Electroporation protocols may vary substantially between research groups, depending on specific application needs and the techniques used. The electroporation conditions used in our study were based on data from relevant research articles on rat muscle electroporation. We used a total of 100 μg of DNA in an injection volume of 100 μl (Durieux et al., 2005), a voltage of 300 V/cm (Cukjati et al., 2007), and multiple DNA injections along with bidirectional application of electric pulses, which was previously optimized and known to provide a safe and highly efficient method for therapeutic gene delivery into skeletal muscle (Maruyama et al., 2000; Saito et al., 2006). It is also known that electroporation-related muscle damage increases with transfection efficiency, i.e., with the amount of DNA injected, as reported previously by other research groups (Durieux et al., 2004). However, we did not analyze the extent of muscle damage in our study.
Based on data available from the literature, the proposed mechanism of action of the tested treatment is DNA vaccination, i.e., the immune reaction against the product of the transgenes expressed in host mammalian cells. Although we cannot definitely confirm this mechanism, because the presence of neither cellular nor humoral immune response was analyzed in our study, we have chosen constructs and protocols established and proved successful in other published studies (Egashira et al., 2000; Holmgren et al., 2006; Koga et al., 2008).

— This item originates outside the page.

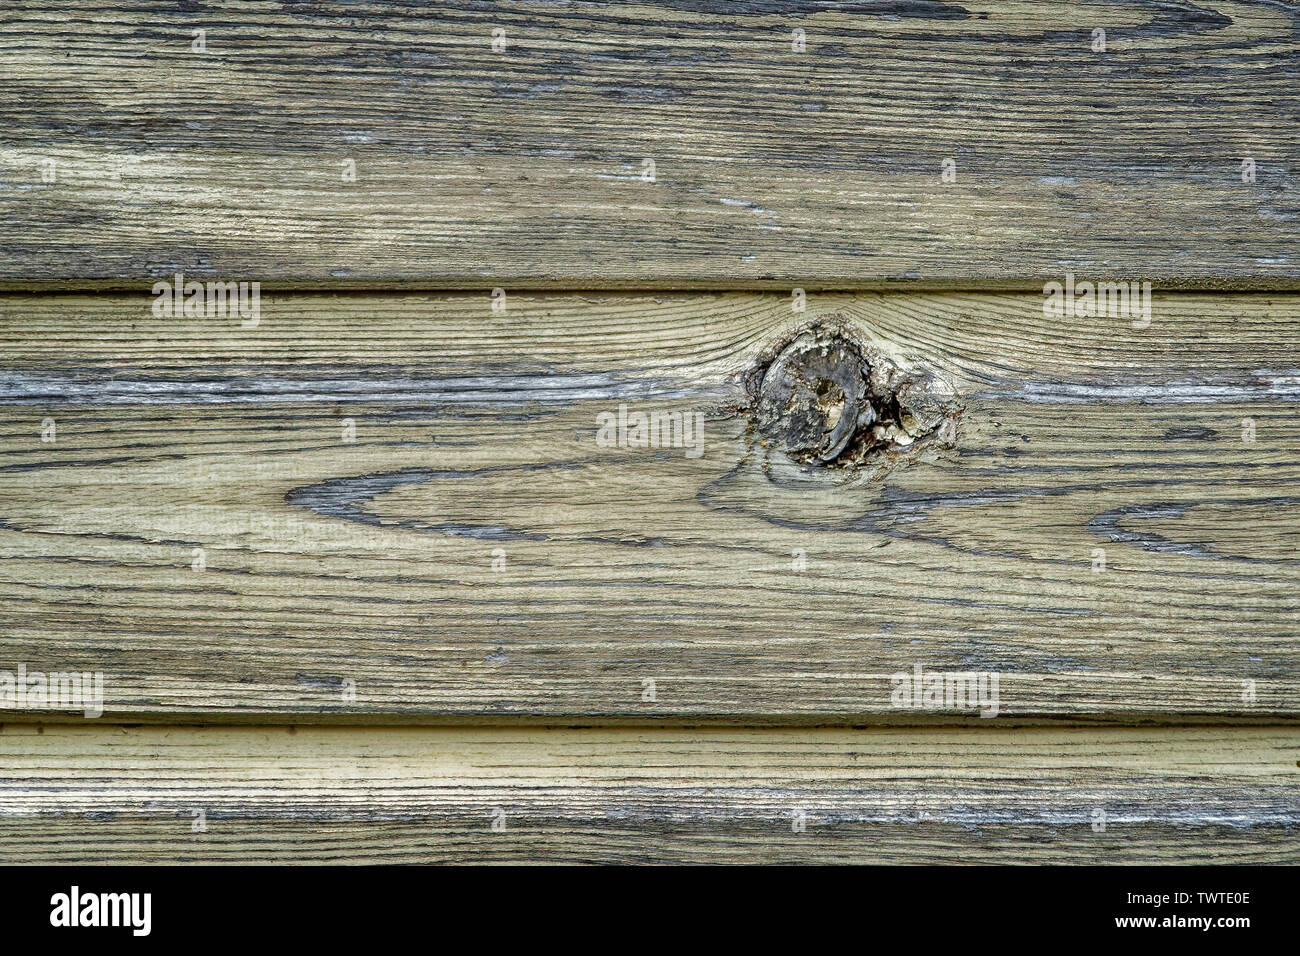 Semi-abstract horizontal, yellow-stained, wooden fence slats with single knot; landscape format. Stock Photo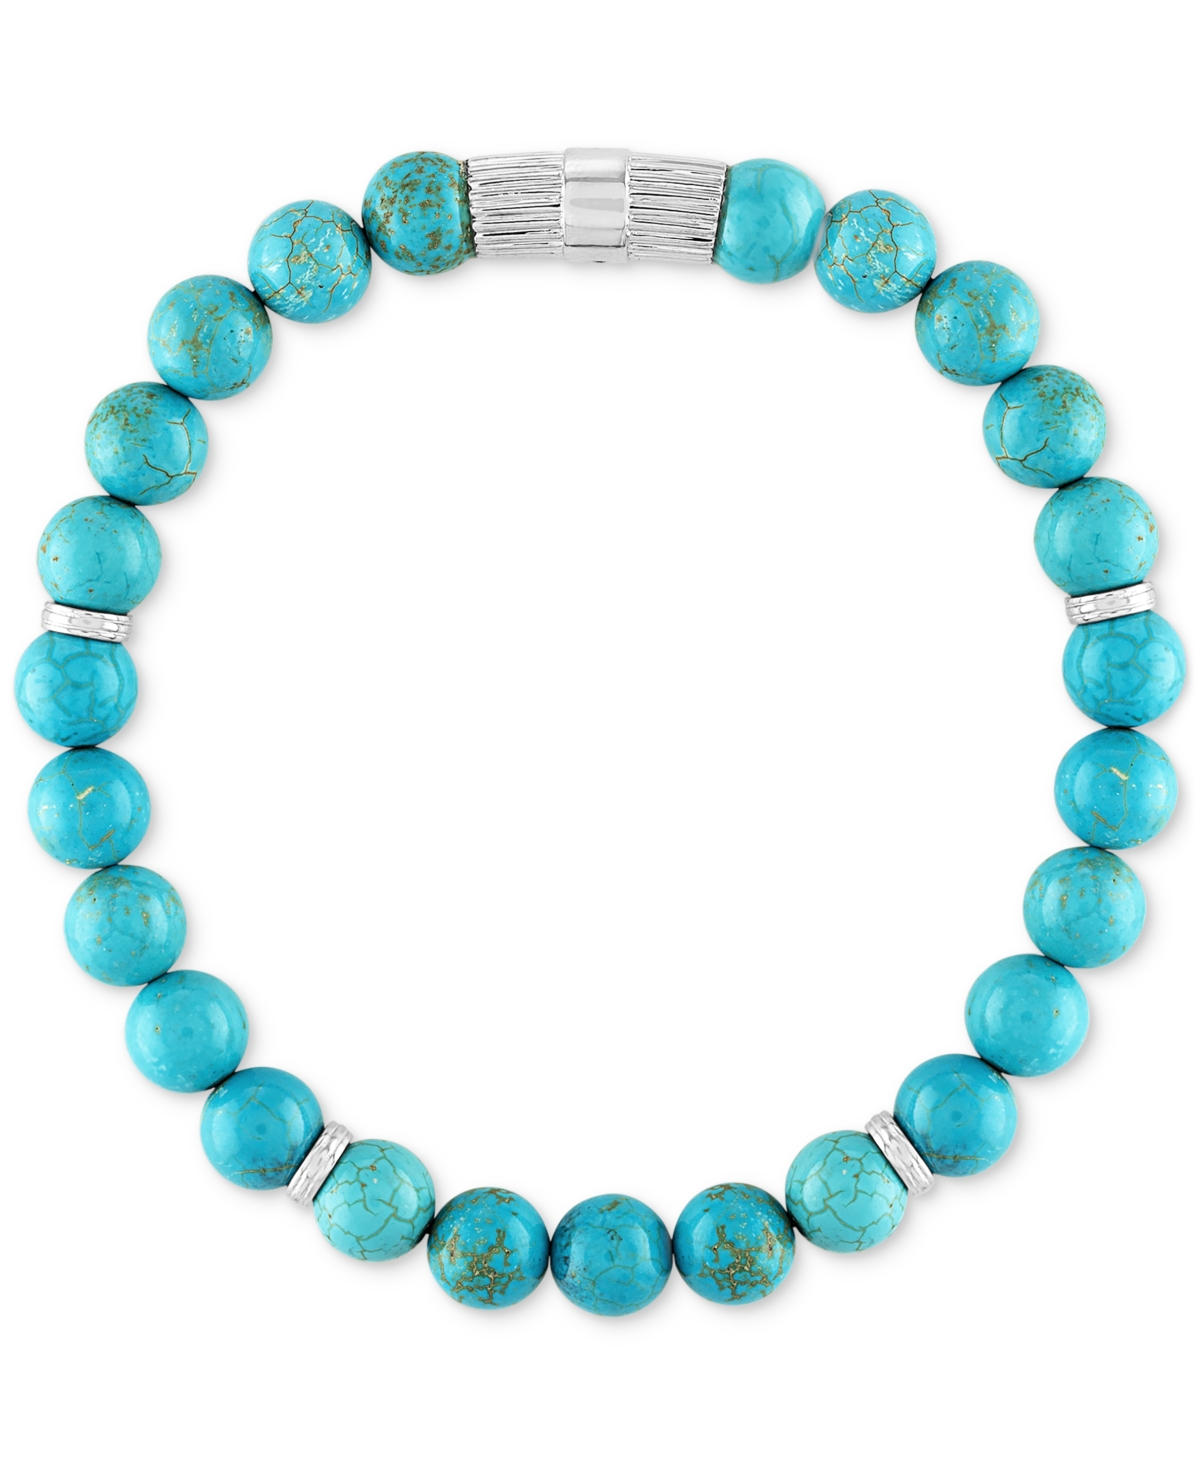 Esquire Men's Jewelry Reconstituted Turquoise Beaded Stretch Bracelet In Sterling Silver, Created For Macy's

In conclusion, our data show that DNA vaccination with anti-angiogenic and anti-inflammatory agents retards the progression of DN in streptozotocin-induced diabetes in rats. Attenuation of oxidative and carbonyl stress might at least partially explain the mechanism of action. Whether a combination of both treatments has any potential synergism remains to be solved in future studies, especially in those focused on the therapeutic effects in established DN.
Acknowledgments
This study was supported by Slovak Research and Development Agency grant APVV-0754-10. The publication charges were paid by Biomedox, Inc.
Author Disclosure Statement
No competing financial interests exist.